X_train, X_test, y_train, y_test = train_test_split(X, y, test_size=0.2, random_state=42)

: 

In [None]:
# preprocessing the data
X_train = X_train.apply(pre_processing)
X_test = X_test.apply(pre_processing)

X_train.shape, X_test.shape

: 

**Testing the models:** We have used most of the classifier models from the `sklearn` library and used the metric as f-1 score to chosse the best model to use for the task.

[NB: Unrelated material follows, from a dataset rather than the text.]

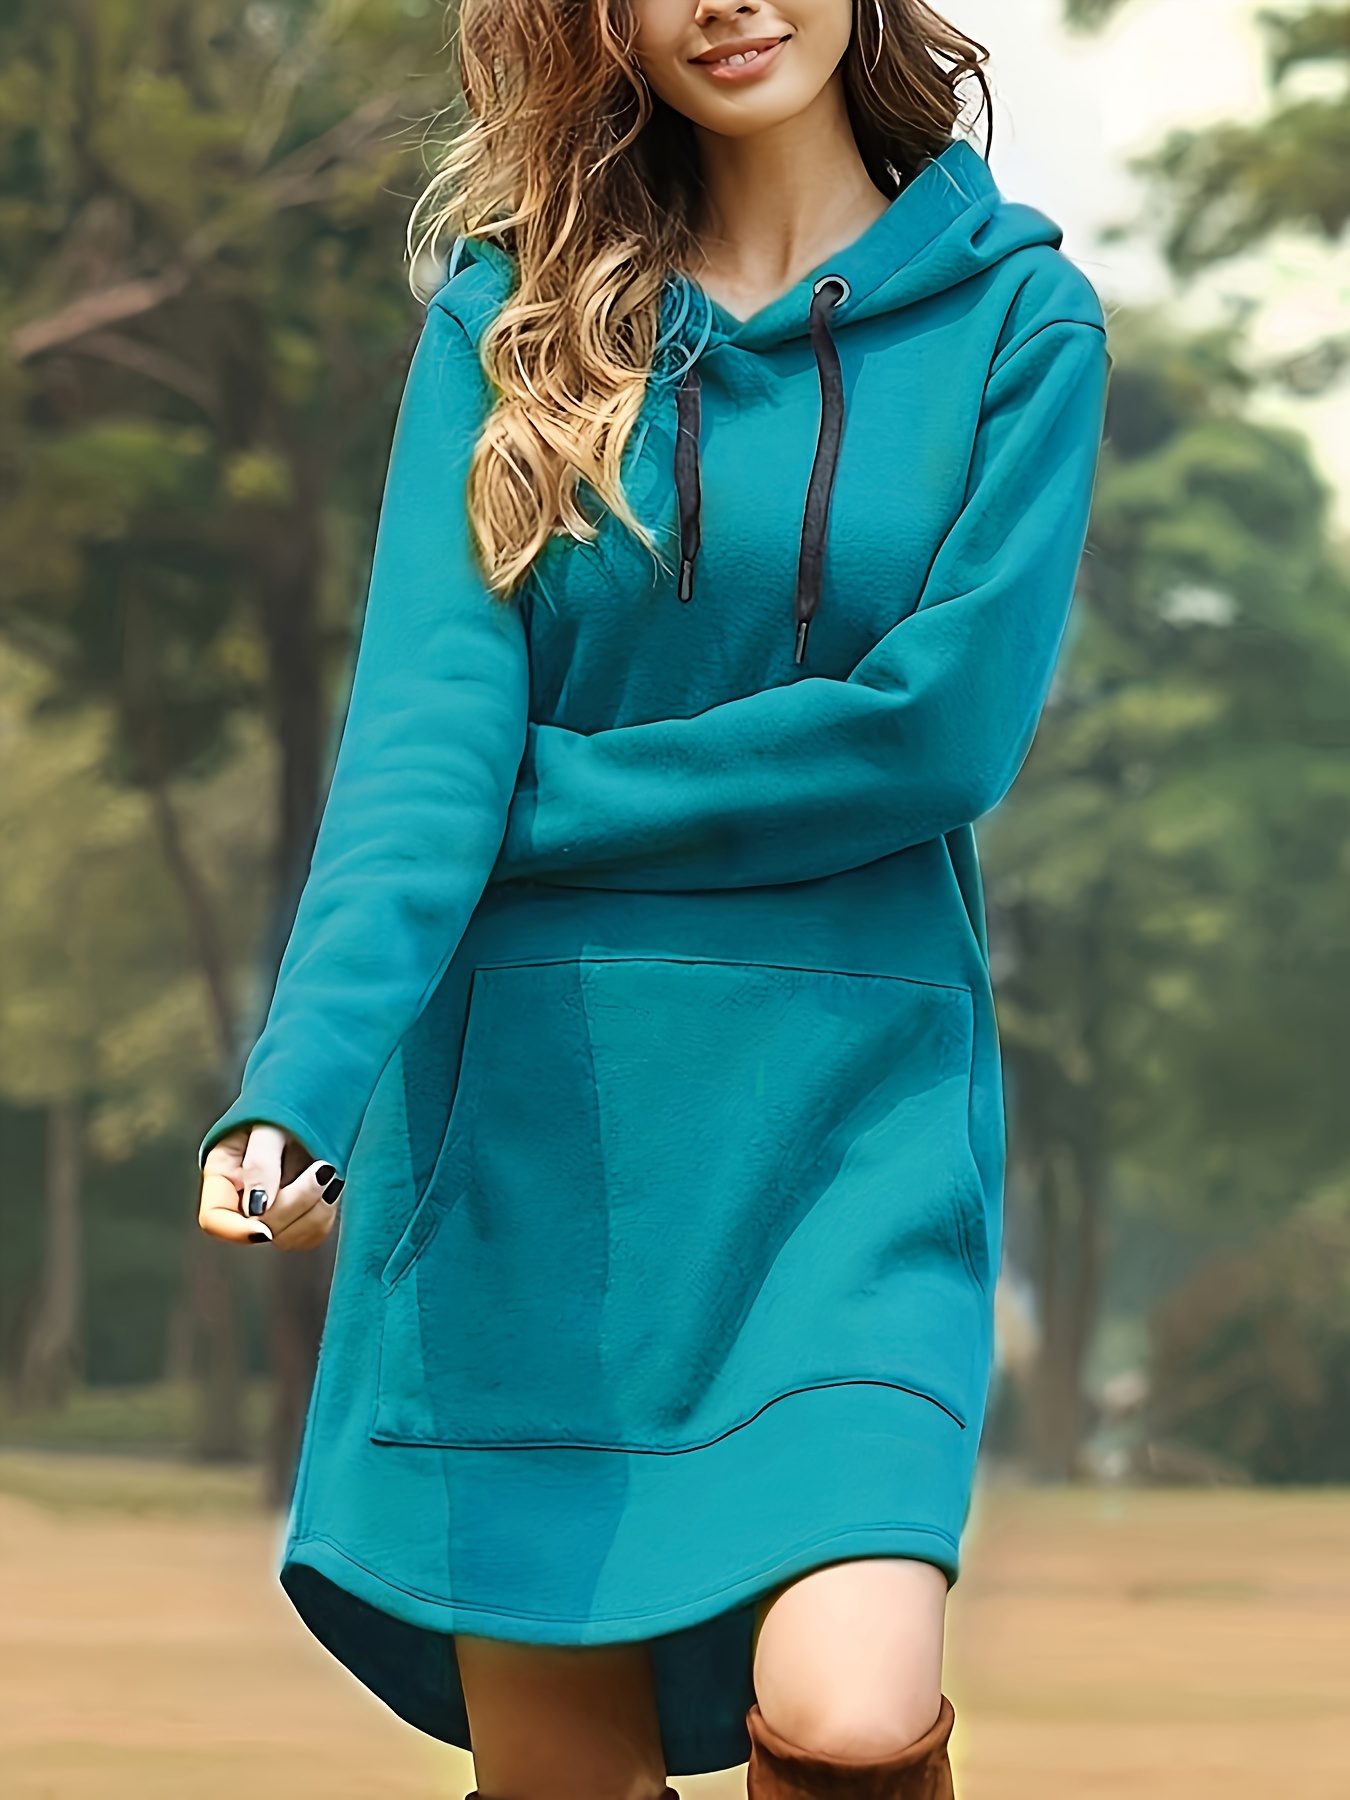 Fleece Dress with Hood & Fancy Details for Girls - green, Girls

The words are also first vectorised using the tf-idf vectorisation which will assure that the classifier models will get a numerical data.

In [None]:
import seaborn as sns
from sklearn.feature_extraction.text import TfidfVectorizer
from sklearn.model_selection import train_test_split, cross_val_predict
from sklearn.linear_model import LogisticRegression
from sklearn.naive_bayes import MultinomialNB
from sklearn.svm import SVC
from sklearn.ensemble import RandomForestClassifier, GradientBoostingClassifier
from sklearn.metrics import f1_score, classification_report
from sklearn.pipeline import Pipeline

classifiers = {
    'Logistic Regression': LogisticRegression(max_iter=1000),
    'Multinomial Naive Bayes': MultinomialNB(),
    'Support Vector Classifier': SVC(),
    'Random Forest': RandomForestClassifier(n_estimators = 1000,max_depth=1000),
    'Gradient Boosting': GradientBoostingClassifier()
}

tfidf = TfidfVectorizer()

# Evaluate each classifier
f1_scores = {}
for name, clf in classifiers.items():
    pipeline = Pipeline([
        ('tfidf', tfidf),
        ('classifier', clf)
    ])

    # Train the model
    pipeline.fit(X_train, y_train)

    # Predict on test data
    y_pred = pipeline.predict(X_test)

    # Calculate F1 score
    f1 = f1_score(y_test, y_pred, average='weighted')
    f1_scores[name] = f1

# Print F1 scores for all classifiers
print("F1 Scores for all classifiers:")
for name, score in f1_scores.items():
    print(f"{name}: {score:.4f}")

: 

In [None]:
# print the classification report for the best performing classifier
model = max(f1_scores, key=f1_scores.get)
print(f"Best Classifier: {model}")
print(classification_report(y_test, y_pred))

: 

In [None]:
from sklearn.metrics import confusion_matrix, ConfusionMatrixDisplay
cm = confusion_matrix(y_test, y_pred)
disp = ConfusionMatrixDisplay(confusion_matrix=cm,display_labels = y.unique())
disp.plot(cmap='BuPu',colorbar=False)
plt.title('Confusion Matrix')
plt.show()

: 

**Conclusion**: The confusion matrix for the classifiers is plotted and observed that `LogisticRegression()` model is a good classifier model with a f-1 score of approximately 67% compared to other classifier models. The classification report is also provided which tells us the f-1 scores for each of the classes where the neutral class has the highest score because of the large support size in the dataset.